If you want to set a specific color for all of the points on your plot, the `col`

argument is your friend:

```
xyplot(fastest~GPA,data=m111survey,
xlab="grade point average",
ylab="speed (mph)",
main="Fastest Speed Ever Driven,\nby Grade Point Average",
pch = 19,
col = "red")
```

There are many, many values for `col`

. You can explore all 657 of the named colors with the command:

`colors()`

When you use the `groups`

argument, you may want to customize the colors that go with each group. This is accomplished by temporarily changing the `lattice`

parameter settings via the `par.settings`

argument. For example to make the female points blue and the male points red, do the following:

```
xyplot(fastest~GPA,data=m111survey,
groups = sex,
auto.key = TRUE,
par.settings = list(superpose.symbol = list(col = c("blue","red"),
pch = 19),
superpose.line = list(col = c("blue","red"),
lwd = 2)),
xlab="grade point average",
ylab="speed (mph)",
main="Fastest Speed Ever Driven,\nby Grade Point Average",
type=c("p","smooth"))
```

In `par.settings`

the `superpose.symbol`

list specifies properties of the points in the scatterlot. `superpose.line`

specifies properties of the lines drawn for each group. (Setting `lwd`

to 2 made the loess curves a bit thicker.)

You can incorporate additional variables into your analysis by *facetting*, i.e., producing a plot with separate panels for each of several subgroups of the observations, as determined by one or two other variables. Unlike the variable in the `groups`

argument, these don’t have to be factor variables!

Suppose, for example, that we would like to study the relationship between GPA and fastest speed ever driven, but to break the subjects down further into groups determined by their height and by where they prefer to sit in a classroom. The following code accomplishes this:

```
Height <- equal.count(m111survey$height, number = 2, overlap = 0.1)
xyplot(fastest ~ GPA | Height * seat,
data = m111survey, pch = 19, type = c("p","r"),
layout = c(2,3))
```

In the code above, the line:

`Height <- equal.count(m111survey$height, number = 2, overlap = 0.1)`

prepares us to facet by height. The `equal.count()`

function takes a numerical variable and divides its values into groups of approximately equal size. The number of the groups is specified by the `number`

argument. In this case we are asking for two groups: “shorter” students and “taller” students. The groups are permitted to contain some members in common, and the allowed percentage intersection is specified by the `overlap`

argument. (Setting `overlap = 0`

would result in completely disjoint groups.) The new variable `Height`

is called a *shingle*, but you can think of it as a factor variable with two values: shorter and taller.
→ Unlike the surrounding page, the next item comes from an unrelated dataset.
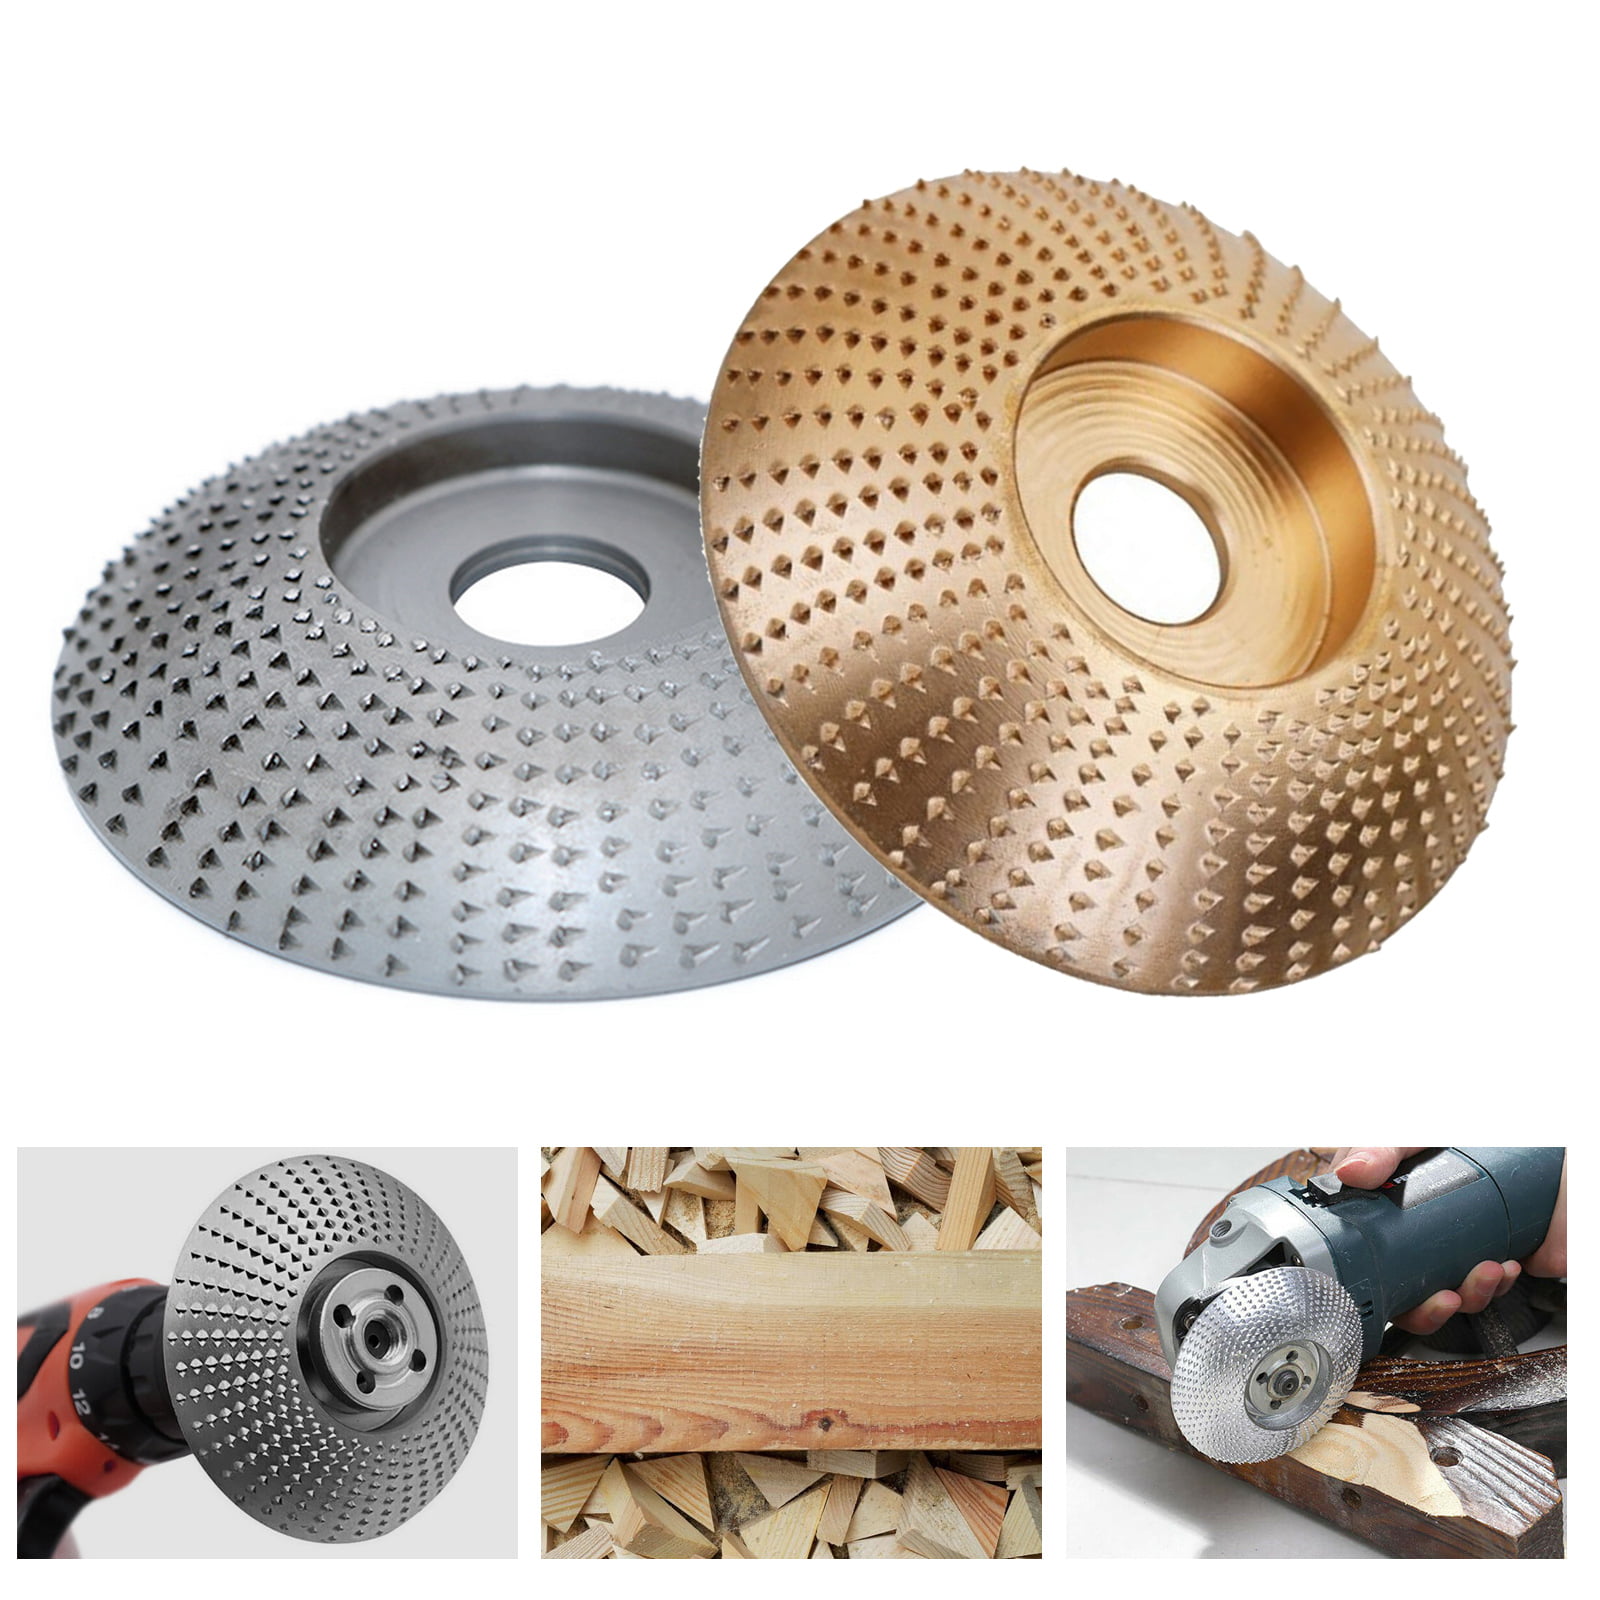 FOR Angle Grinder Grinding Wheel 3.3'' Carbide Wood Sanding Carving Shaping Disc

The formula `fastest ~ sex | Height * seat`

*facets* by `Height`

and `seat`

. The variables by which you facet appear after a `|`

bar, anf if you facet by two variables then you must separate them with a `*`

. Since `Height`

has two values and `seat has three values and \(2 \times 3 = 6\), we arrive at a plot with six panels.

The `layout`

argument determines the number of rows and columns in our facet-ted plot. Setting `layout`

to `c(2,3)`

specified two columns and three rows. (Note that the columns are specified first!)

For other refinements, consult the **Lattice Scatter Plot** Addin in RStudio.